There are only a few valid copy protection types in the Windows display model:
DXGKMDT_OPM_PROTECTION_TYPE_HDCP(HDCP 1.x)DXGKMDT_OPM_PROTECTION_TYPE_COPP_COMPATIBLE_HDCP(HDCP 2.x)DXGKMDT_OPM_PROTECTION_TYPE_DPCP(DisplayPort content protection)DXGKMDT_OPM_PROTECTION_TYPE_NONE
The common culprit is a stale or corrupted HDCP key stored by the GPU driver, or a registry value left over from a previous driver version that points to an invalid type ID (like 5 or 6 instead of 1 or 2). Another cause: a monitor that claims HDCP 2.2 support but the cable doesn't carry the right signal, so the driver keeps trying the wrong type.
The Real Fix
Skip the generic reinstall-the-driver advice. The root cause is almost always a stale HDCP configuration or a corrupted GPU driver stack. Here's what actually works:
Step 1: Clear HDCP Key Cache
Reboot your PC, then hold the Shift key while clicking Restart in the Start menu. This boots into Advanced Startup Options. Select Troubleshoot > Advanced Options > Startup Settings > Restart. At the boot menu, press 4 to enable Safe Mode.

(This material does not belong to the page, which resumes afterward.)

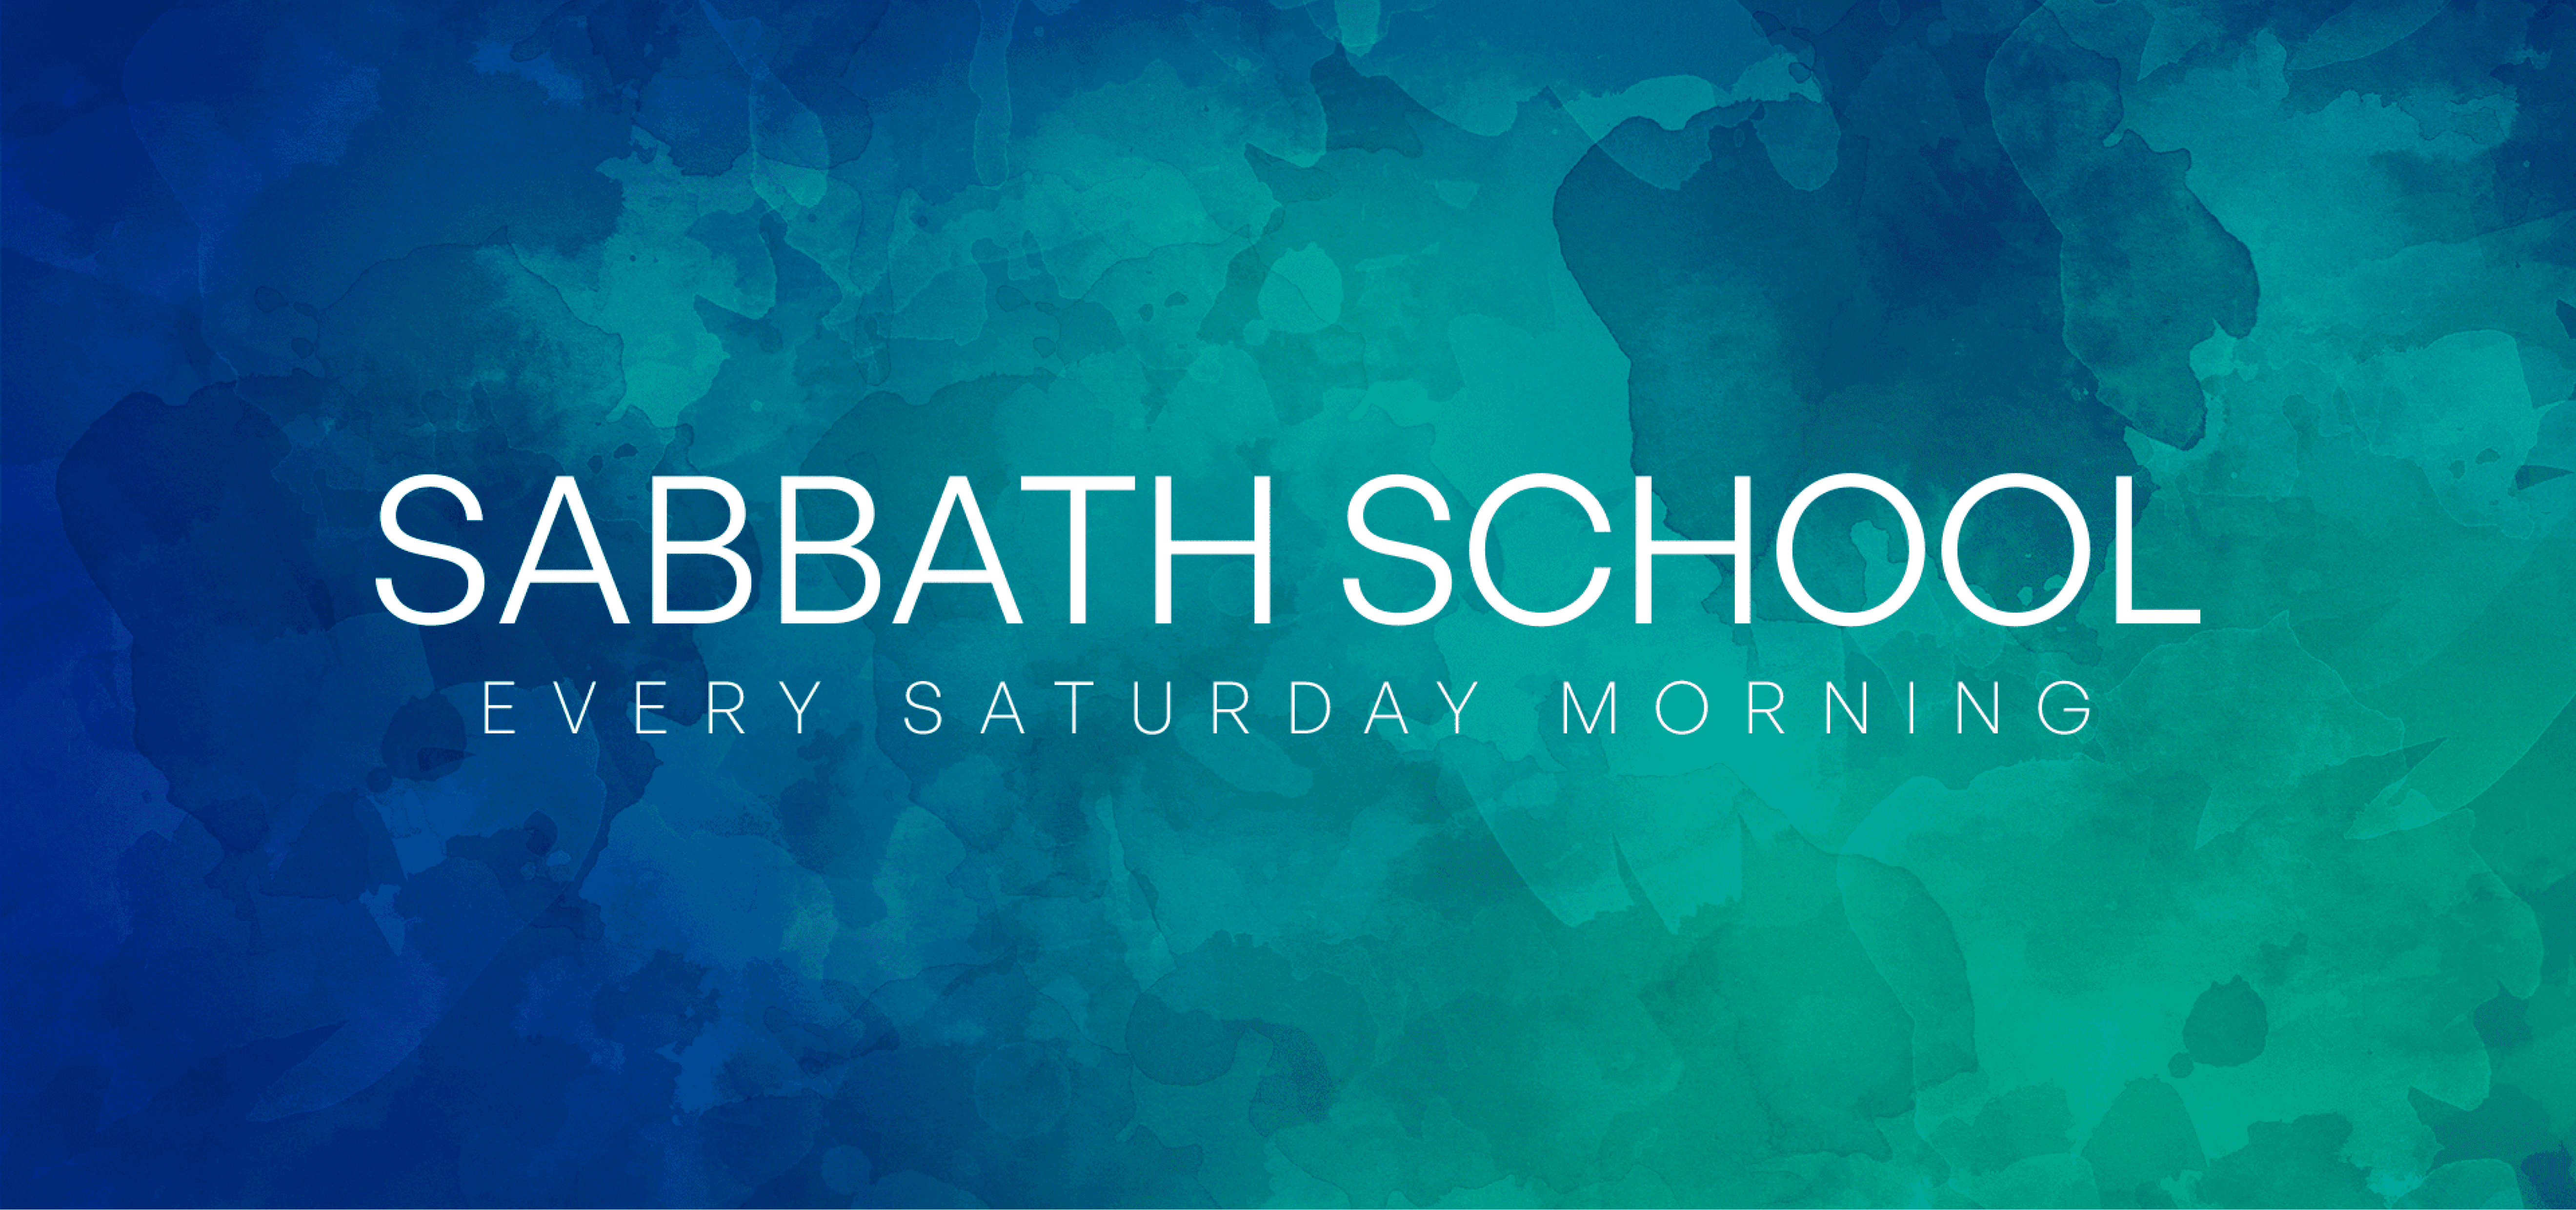 green-blue background with sabbath school text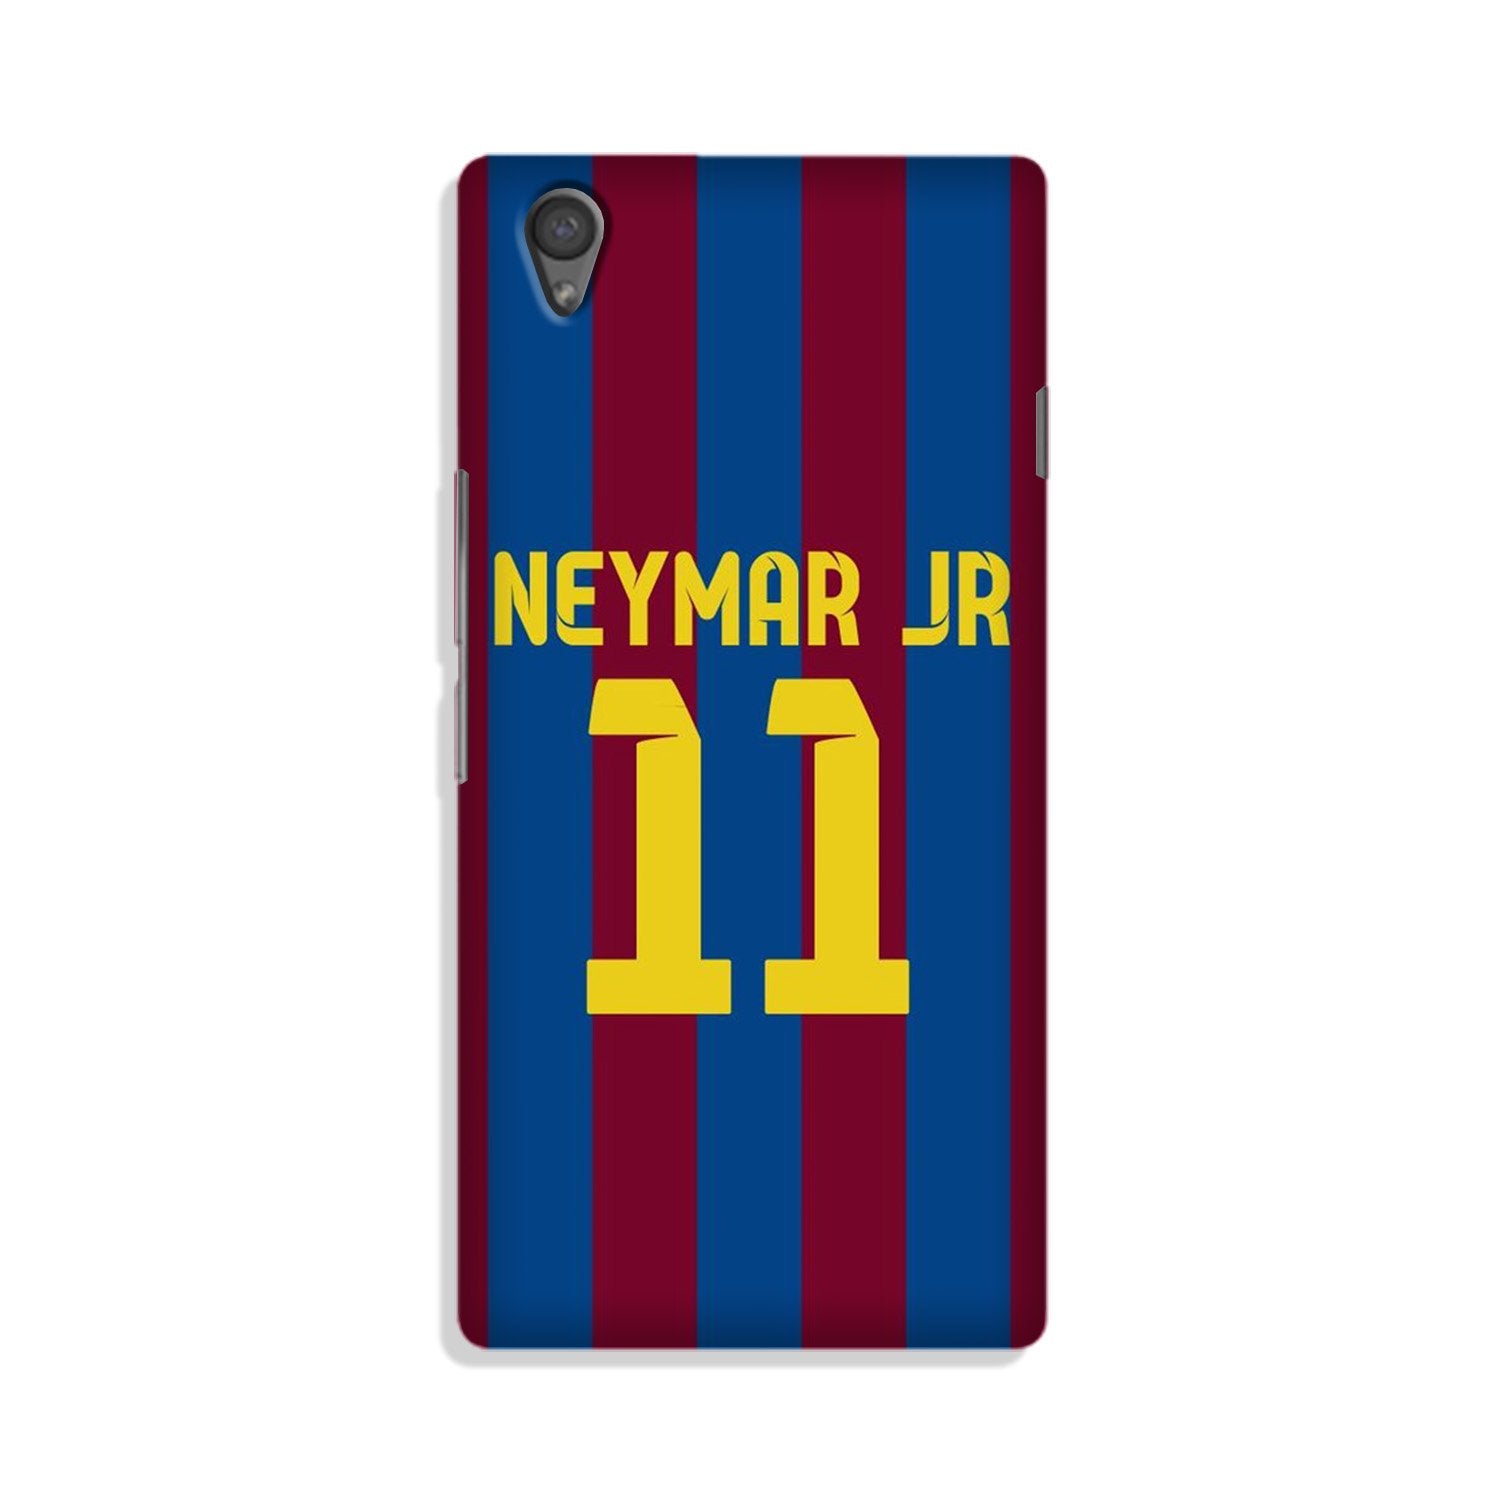 Neymar Jr Case for Vivo Y51L  (Design - 162)

In Safe Mode, open Device Manager (right-click Start button). Expand Display adapters, right-click your GPU, and select Uninstall device. Check Delete the driver software for this device. Do not restart yet.
Step 2: Wipe the Graphics Registry Key
Press Win+R, type regedit, hit Enter. Navigate to:
HKEY_LOCAL_MACHINE\SYSTEM\CurrentControlSet\Control\GraphicsDrivers
Look for any key named DxgkCopyProtection or HDCP — they don't exist by default, so if you see one, someone (or a driver installer) created it. Delete it. Also check HKEY_LOCAL_MACHINE\SYSTEM\CurrentControlSet\Control\Class\{4d36e968-e325-11ce-bfc1-08002be10318}\0000 (the GPU's instance key) and delete any CopyProtectionType or HDCPEnabled values.
Close Regedit.
Step 3: Use Display Driver Uninstaller (DDU)
Still in Safe Mode, download and run Display Driver Uninstaller (from Guru3D). Select your GPU vendor (Nvidia or AMD), choose Clean and restart. This wipes every driver file, registry entry, and cached HDCP state. The HDCP key cache lives in C:\Windows\System32\DriverStore\FileRepository\ — DDU scrubs that too.
Step 4: Install a Known Good Driver
After the reboot, install the latest driver from your GPU vendor's site. Don't use Windows Update or "optional updates" here — those can miss the display driver model version your GPU needs. For Nvidia, use the Game Ready driver. For AMD, use Adrenalin Edition. Reboot once more after installation.
Step 5: Test the Copy Protection Path
With the new driver, open a Command Prompt as admin and run:
dxdiag /dontskip
Click Display 1 tab. Under Drivers, check that the driver model says WDDM 2.x (2.7 or higher for Windows 10/11). Then click Save All Information and open the saved DxDiag.txt. Search for Copy Protection — you should see not supported or a specific HDCP version. If you see invalid, something's still broken. In that case, try a different cable — especially if you're using a DisplayPort-to-HDMI adapter. Those often mess up HDCP negotiation.
If It Still Fails
Check these:
- Monitor's EDID — a bad EDID can report wrong copy protection caps. Use Custom Resolution Utility (CRU) to reset the monitor's extension block. Works on 99% of monitors.
- GPU BIOS — some cards (especially used ones) have a corrupted UEFI GOP that mis-advertises copy protection. Update your GPU's firmware from the manufacturer's support page.
- Windows version — old builds of Windows 10 (pre-1903) had a bug in
dxgkrnl.systhat could reject valid copy protection types. Update to at least Windows 10 22H2 or Windows 11 23H2.
One more thing: if you're using a KVM switch or an HDMI splitter, bypass it and connect the monitor directly to the GPU. Those devices often strip or corrupt the HDCP key exchange.